Dineen Group
- Parent: Bill Dineen
- Founded: 1960s
- Headquarters: Warragul
- Service area: New South Wales Victoria
- Service type: Bus & coach operator
- Depots: Corowa Diamond Creek Healesville Heyfield Lilydale Warragul Cooma Kempsey Morwell Inverell
- Fleet: 703 (June 2021)
- Chief executive: Bill Dineen

= Dineen Group =

The Dineen Group is an Australian owner of bus and coach companies in New South Wales and Victoria.

==History==
In 1957 Bill Dineen started his business operating a route service between Trafalgar and Warragul living off the fare box revenue, Bill's first bus was a 1951 AB Bedford registration number VH 566, in 1960 Bill obtained his first school bus run from Yarragon to Trafalgar. In 1968 he purchased Workmen's Comfort Coaches of Trafalgar followed by Warragul Bus Lines. Heyfield Bus Lines was acquired circa 1984. In June 1985 Westernport Roadlines was purchased followed in October 1990 by Panorama Coaches from Don Nugent with 13 buses and coaches. In May 1991 Hurstbridge Coaches was purchased and later merged with Panorama Coaches. In 1995, Berwick Bus Lines was purchased.

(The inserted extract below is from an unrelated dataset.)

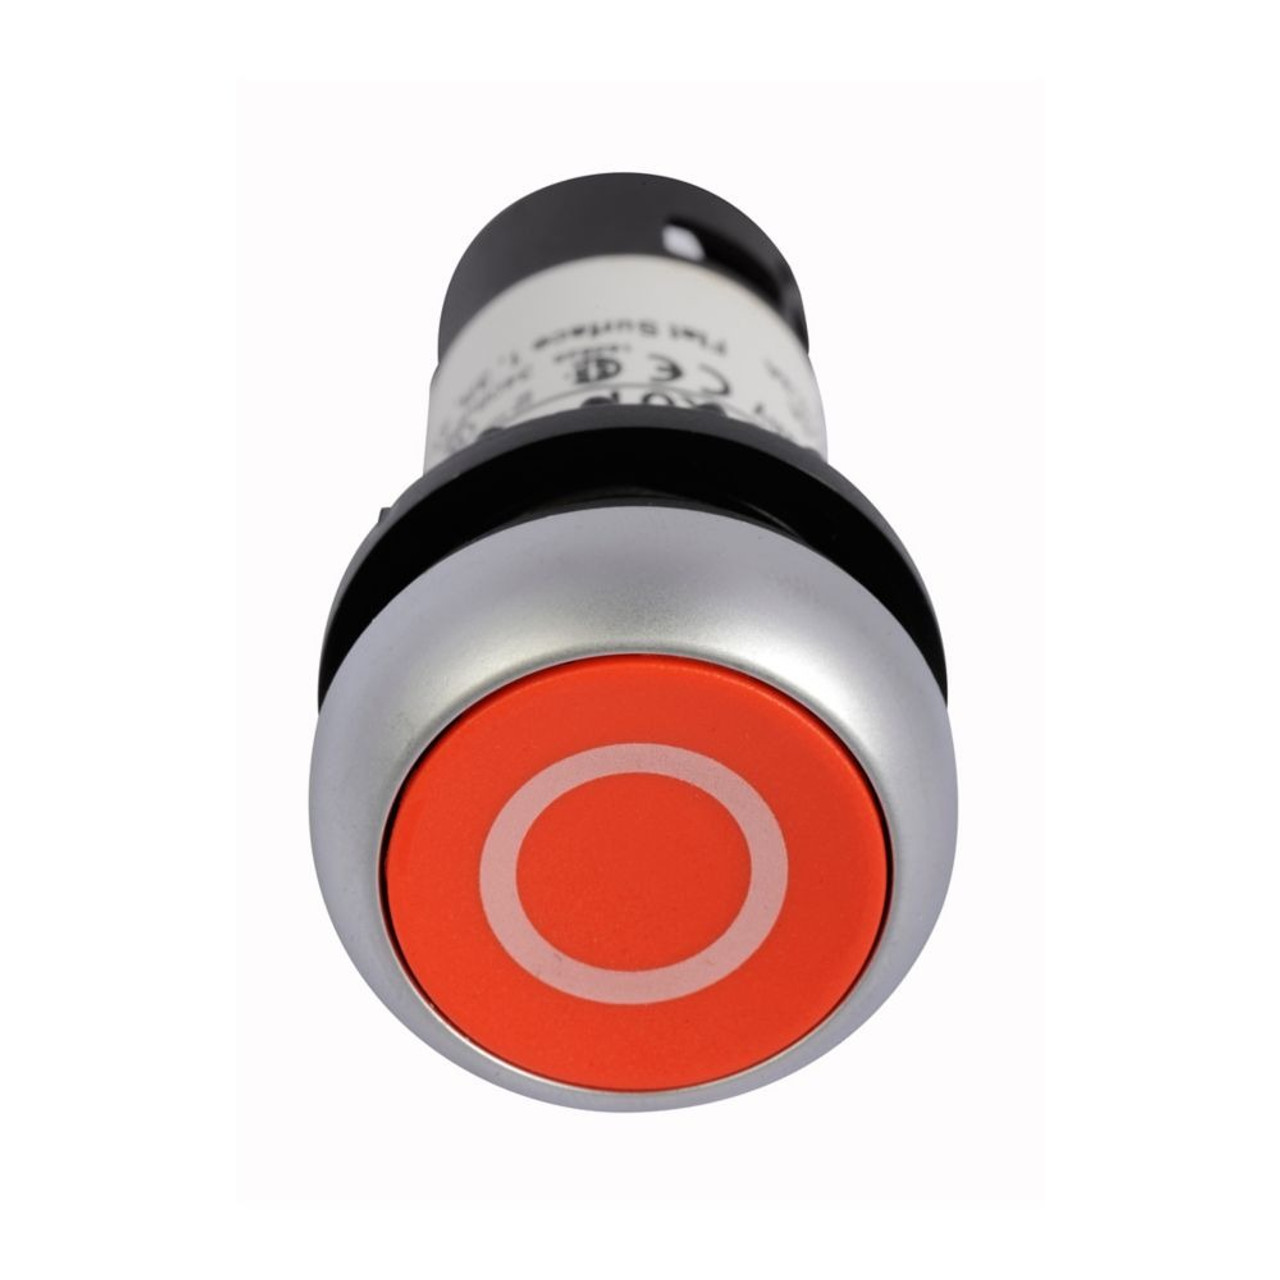 Eaton C22-D-R-X0-K11 22.5 mm RQM Compact Pushbutton, Etching X0, Red [New]

In 2002, Sandringham & Brighton Coaches was acquired.

In September 2006, McKenzie's Tourist Services, Healesville was purchased and in November 2011 Martyrs Bus Service.

In November 2013 Cann's Bus Lines, Corowa was purchased.

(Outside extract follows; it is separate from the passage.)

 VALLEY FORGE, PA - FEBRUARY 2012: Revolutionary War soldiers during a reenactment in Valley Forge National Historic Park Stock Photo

In January 2017, Snowliner Coaches, Cooma was purchased from Evans Family.

In July 2017, Cavanagh Bus Group Kempsey was purchased from the Cavanagh's.

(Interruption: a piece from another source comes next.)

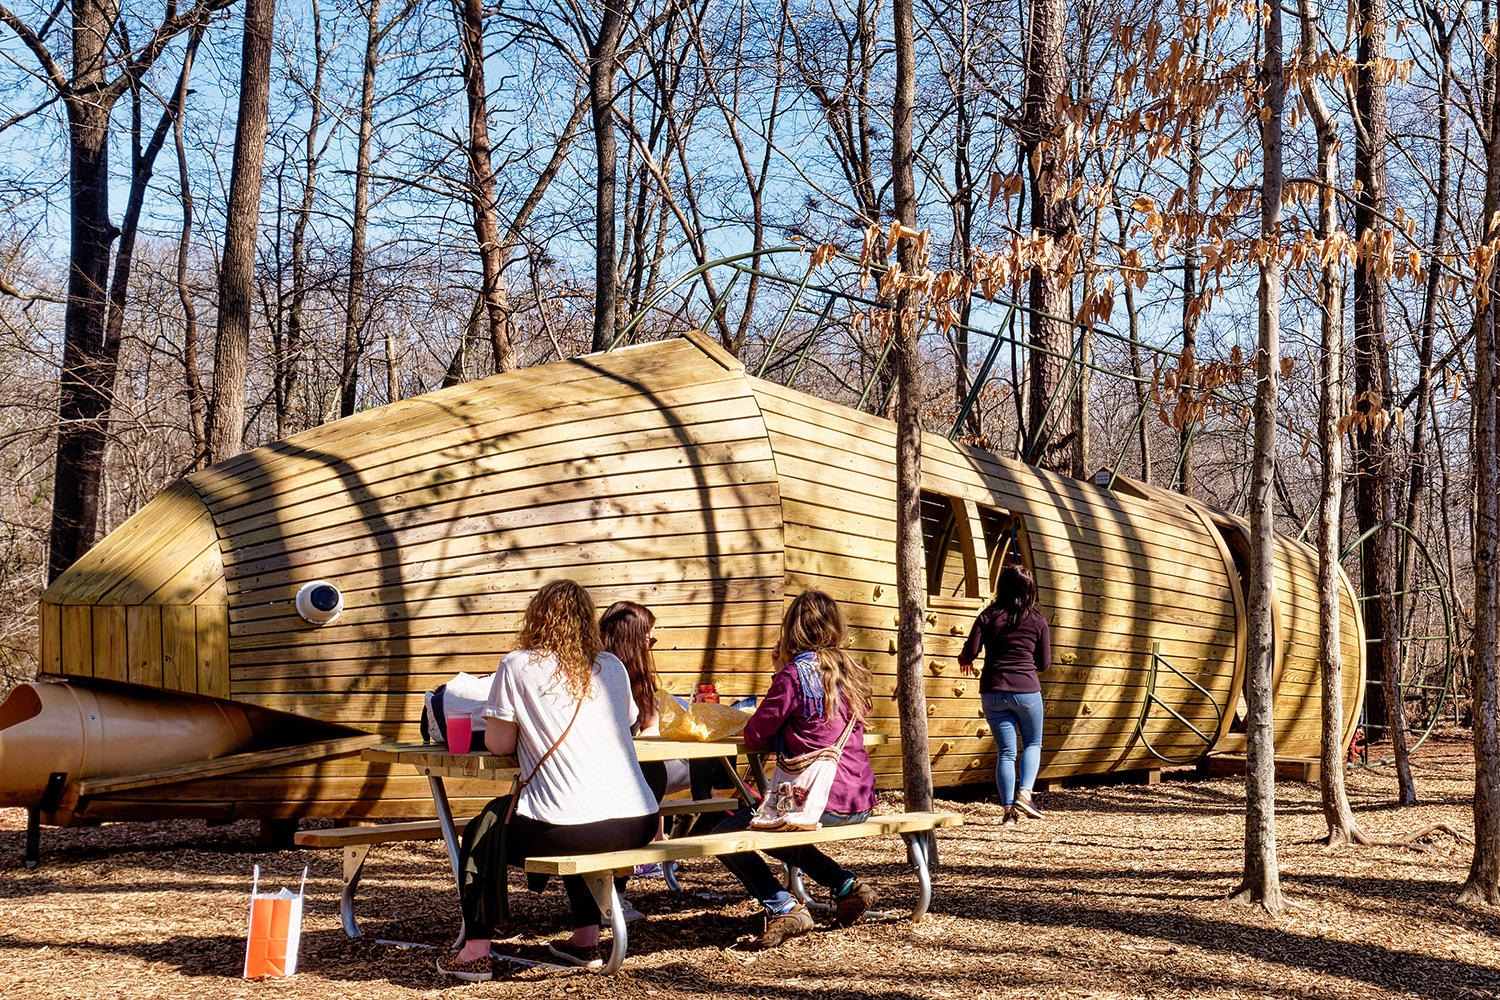 The huge wooden fish slide at the playground measures 45 feet and weighs six tons

In February 2021, Latrobe Valley Buslines were purchased.

In June 2021, Symes Coaches of Inverell was purchased.

In September 2021, Inverell Bus Service was purchased.

In September 2021, Moons Buslines was purchased.

In June 2022, Experience Bus Hire & Charter was purchased. All associated trading names were removed from service.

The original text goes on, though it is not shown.